## Your assignment
This exercise asks for a copy of each line in the records below with the word "kitchen" in it.
□ □ □
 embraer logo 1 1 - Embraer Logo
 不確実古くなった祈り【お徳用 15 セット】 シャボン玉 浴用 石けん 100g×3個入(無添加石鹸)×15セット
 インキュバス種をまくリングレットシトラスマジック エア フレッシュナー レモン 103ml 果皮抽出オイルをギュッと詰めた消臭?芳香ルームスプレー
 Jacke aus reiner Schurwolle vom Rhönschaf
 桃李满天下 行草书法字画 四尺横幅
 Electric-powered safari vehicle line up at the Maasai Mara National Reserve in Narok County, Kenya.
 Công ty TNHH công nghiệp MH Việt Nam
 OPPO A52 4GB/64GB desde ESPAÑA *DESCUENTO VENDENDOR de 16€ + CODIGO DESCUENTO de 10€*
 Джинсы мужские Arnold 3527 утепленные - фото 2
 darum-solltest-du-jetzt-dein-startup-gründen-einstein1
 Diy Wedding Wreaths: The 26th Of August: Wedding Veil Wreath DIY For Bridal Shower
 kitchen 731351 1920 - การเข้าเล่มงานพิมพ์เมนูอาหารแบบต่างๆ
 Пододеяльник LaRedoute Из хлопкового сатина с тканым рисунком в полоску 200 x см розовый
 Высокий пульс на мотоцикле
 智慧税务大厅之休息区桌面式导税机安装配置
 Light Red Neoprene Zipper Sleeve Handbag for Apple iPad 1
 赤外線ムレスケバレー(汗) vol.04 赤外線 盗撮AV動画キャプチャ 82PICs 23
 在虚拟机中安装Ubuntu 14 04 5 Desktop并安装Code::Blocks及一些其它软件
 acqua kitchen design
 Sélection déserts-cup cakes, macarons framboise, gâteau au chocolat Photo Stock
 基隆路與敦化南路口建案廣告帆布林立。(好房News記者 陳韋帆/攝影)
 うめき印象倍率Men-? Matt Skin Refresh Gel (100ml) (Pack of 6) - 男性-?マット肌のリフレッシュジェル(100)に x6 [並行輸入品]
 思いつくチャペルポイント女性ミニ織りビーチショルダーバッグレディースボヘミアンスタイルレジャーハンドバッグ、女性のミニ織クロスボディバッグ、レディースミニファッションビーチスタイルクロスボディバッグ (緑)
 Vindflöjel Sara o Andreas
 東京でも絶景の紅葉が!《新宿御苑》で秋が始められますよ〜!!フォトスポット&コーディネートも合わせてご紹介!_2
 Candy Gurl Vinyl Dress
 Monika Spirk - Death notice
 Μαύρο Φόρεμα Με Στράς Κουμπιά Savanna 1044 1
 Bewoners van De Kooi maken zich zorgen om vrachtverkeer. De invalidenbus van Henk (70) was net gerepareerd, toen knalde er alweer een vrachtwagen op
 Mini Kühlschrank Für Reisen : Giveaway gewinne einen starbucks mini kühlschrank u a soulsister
□ □ □
## Solution for this problem
 kitchen 731351 1920 - การเข้าเล่มงานพิมพ์เมนูอาหารแบบต่างๆ
 acqua kitchen design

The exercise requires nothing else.